Una vuelta al paraíso de la fascinación, de la niñez (reseña literaria)

Volver a la infancia, a esa época en la que todo es posible, es el deseo de casi todos, porque es en esa época de inocencia donde y cuando somos más auténticos, más libres. «Ese espacio paradisíaco que es la infancia», que diría Halfon, es clave para entender nuestro presente inmediato; reflexionar sobre él nos permite averiguar quiénes somos y qué hacemos, pues no hay que olvidar que a esas edades es cuando se moldea nuestro carácter.

El escritor alemán David Wagner ofrece en Cosas de niños (Errata Naturae) una serie de fragmentos en los que versa sobre qué significa ser padre, cómo afrontar ese rol de responsabilidad suprema. Un padre o una madre no son superhéroes, por más que los viéramos de ese modo cuando niños. Tampoco nos dan todas las respuestas que exigimos satisfacer ni procuran suficiente consuelo cuando nos sentimos decepcionados por primera vez. Los padres son humanos, y como tales, tienen sus errores y faltas, pero también sus virtudes. Wagner logra contagiar al lector de los temores propios del progenitor, esa persona que ejerce tan relevante papel en la vida de un niño, al tiempo que describe con gracia y sencillez los gestos y acciones de esas criaturas que todo lo absorben, su admiración por cada detalle, por más que este sea ínfimo --cuando somos pequeños, todo nos parece extrañamente formidable--.
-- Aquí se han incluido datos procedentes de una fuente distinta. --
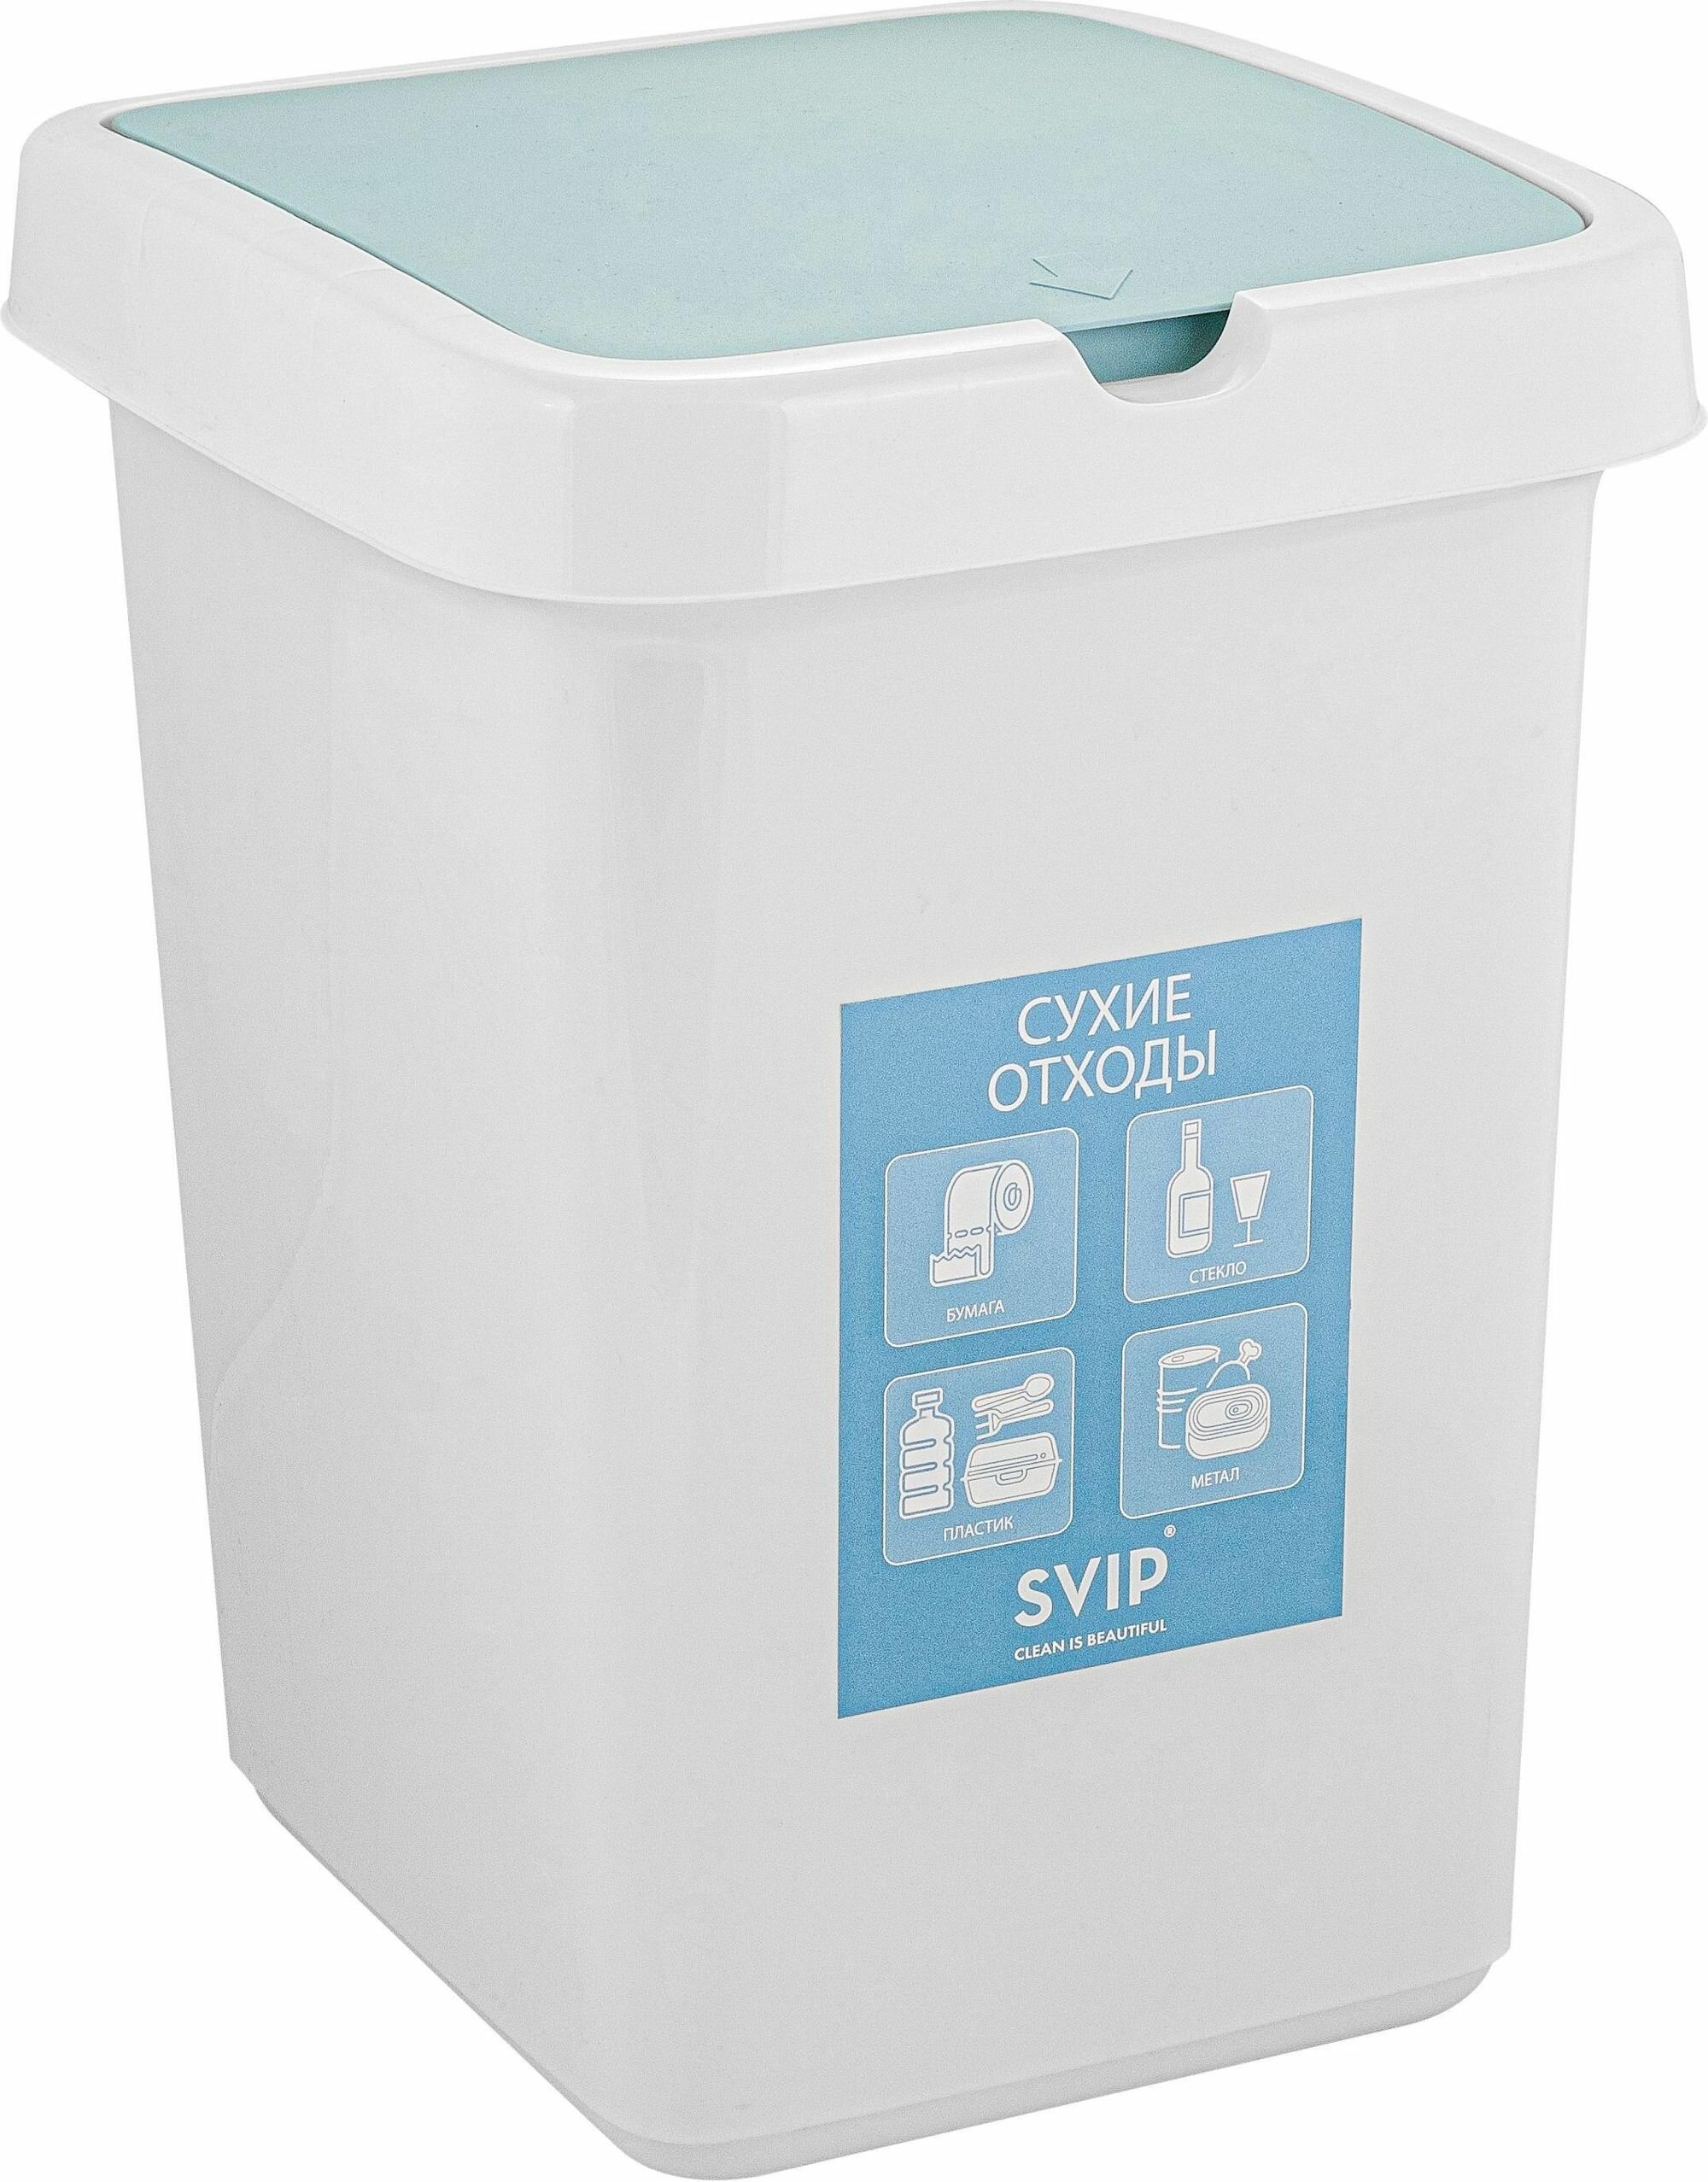 Svip Контейнер для раздельного сбора мусора 25 л (сухие отходы) .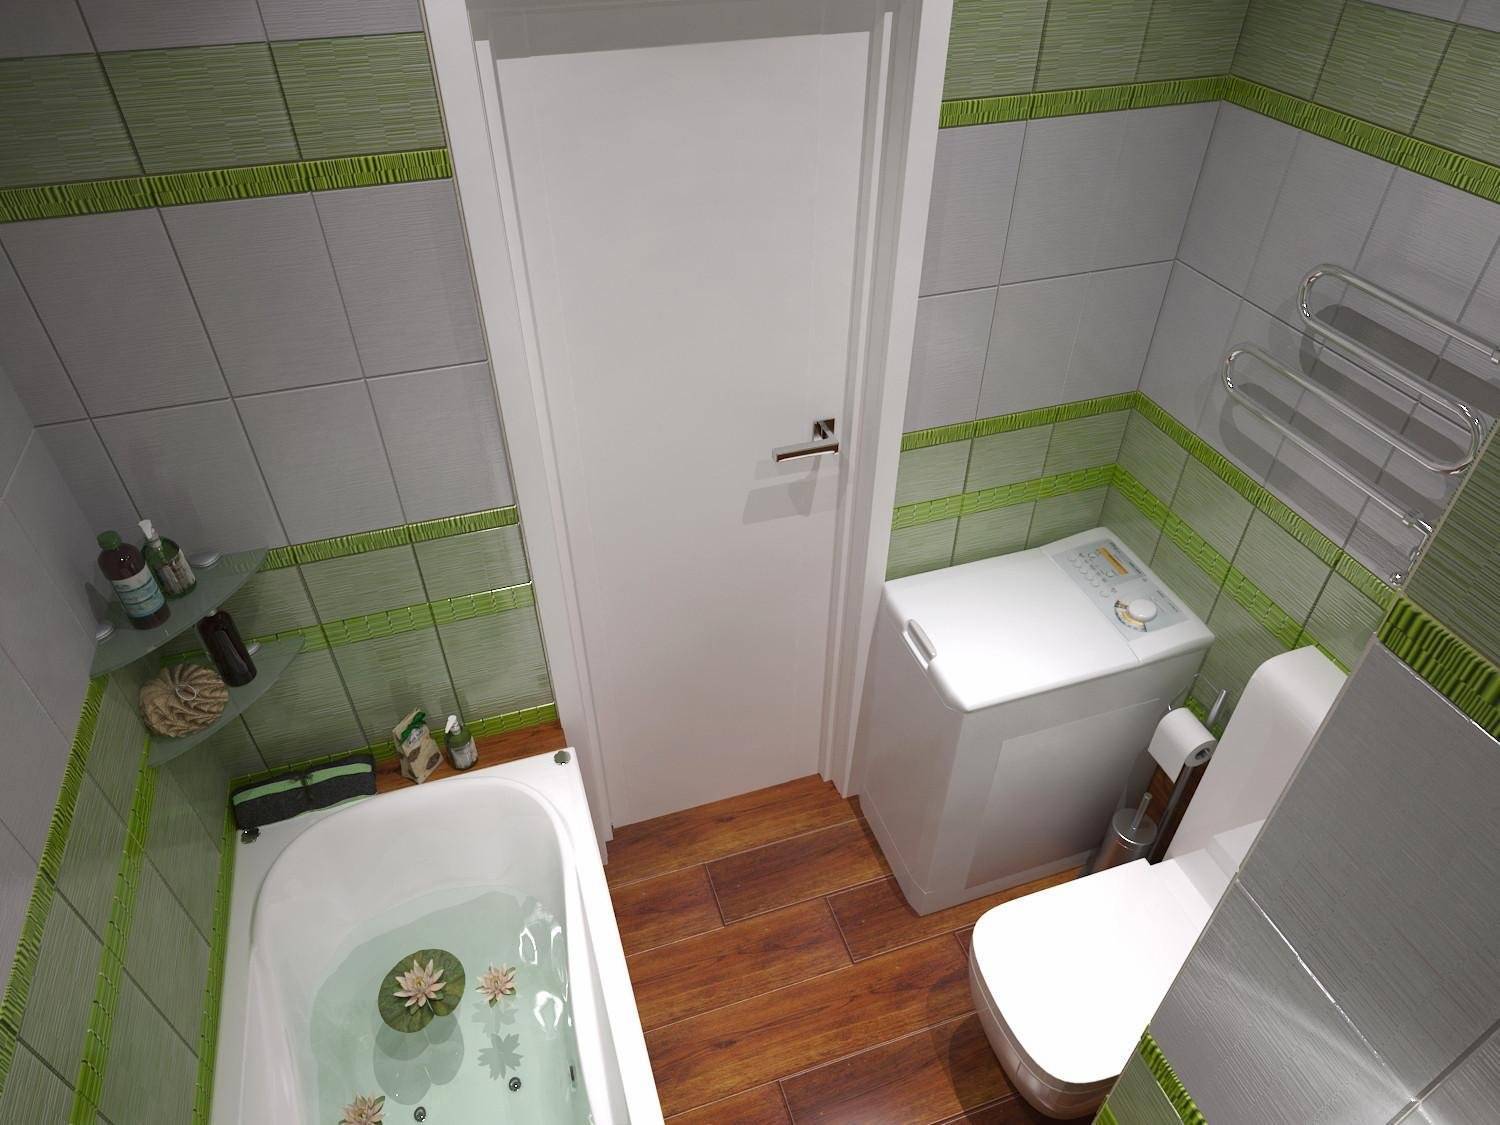 Совмещенный санузел с ванной, туалетом: современный дизайн 2020-2021 года, плитка

Asimismo, Wagner establece un diálogo alternativo en el que ese padre rememora su propia niñez y nos habla de su padre. De ese modo, nos encontramos ante una obra con distintas voces, la del padre que describe cada paso que da su hija, la de la hija que observa y comenta las acciones del padre, y la del padre/hijo que recuerda su infancia; es esta una obra impregnada de nostalgia e igualmente atrevida, pues centra gran parte de sus preocupaciones en ese complejo proceso de crecer y envejecer, esa pérdida de la ingenuidad y el convencimiento de que todo en esta vida tiene su fin, un fin que se asemeja muchísimo a su principio. Cuando aprendemos algo, perdemos otra cosa; Fabio Morábito dice que perdemos «la virginidad o el asombro que conlleva ese aprendizaje». Acumular conocimiento significa por tanto abandonar ese mundo ideal de la ingenuidad que nos protege de todo mal, de esa incertidumbre que siempre nos acongoja, las eternas dudas y los matices que siempre entorpecen nuestra visión primigenia. Cosas de niños nos devuelve, en parte, a ese paraíso de la fascinación del que fuimos expulsados.